At present, the full-stack mobility startup live tracks 15,000 buses daily, of which 7,000 buses have incorporated Chalo’s full-stack solution.


It offers mobile tickets and mobile bus passes that can be bought on its app and through the Chalo card — a contactless tap-to-pay travel card.


“In this journey, we saw ourselves go through a bunch of evolution and pivots. So from a growth perspective, it has been a phenomenal run,” added Vinayak.

Product Roadmap - Chalo

Future plans

Chalo has a core team of 100 members and other 450 employees stationed in various cities for operational purposes. 


The startup raised a total of $62 million in three major funding rounds, with its last round worth $40 million raised in a Series C round in October 2021. Shortly after, it also acquired Gurugram-based office bus aggregator Shuttl.

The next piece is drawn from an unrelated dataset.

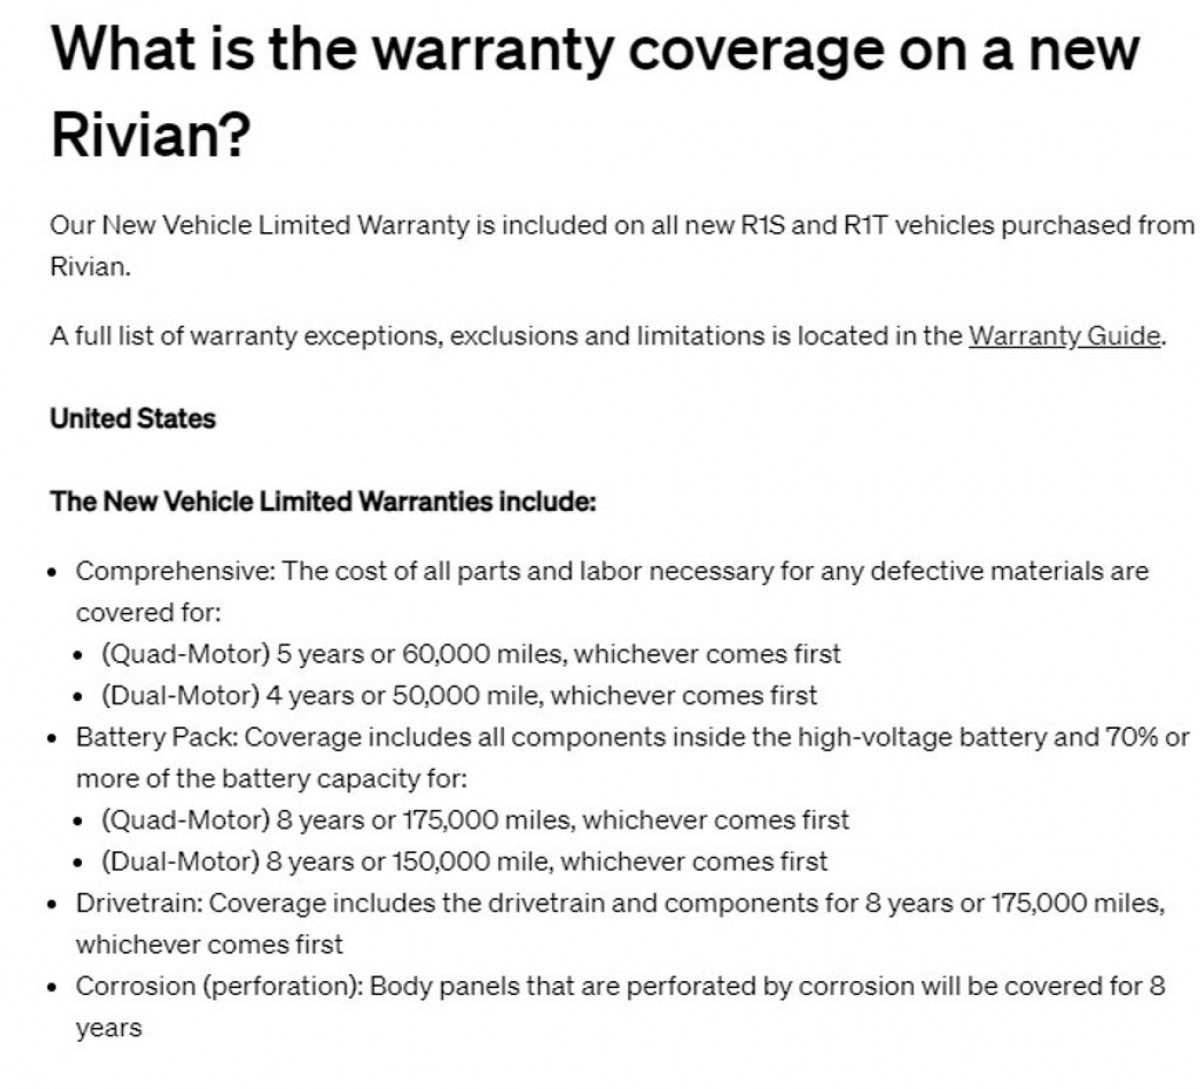 Updated warranty T&C on Rivian's website

In January 2022, Chalo claimed to have facilitated 100 million rides on its platform, which rose to 115 million rides by March 2022.


Amidst the COVID-19 pandemic, Vinayak claimed the startup grew 4 to 5X in the number of buses and rides delivered on the platform. 


“Our vision was always to make travel better for everyone, and that is what we have been working to solve since 2014. With all our evolution and pivots, we have stayed true to it, even today,” he claimed.


The startup wants to achieve a goal of tracking 100,000 buses and having 100 million rides per day.


Aiming to become a full end-to-end mobility solution, Chalo wants to go beyond the Indian market and venture into Southeast Asia, Africa, the Middle East, and South America markets.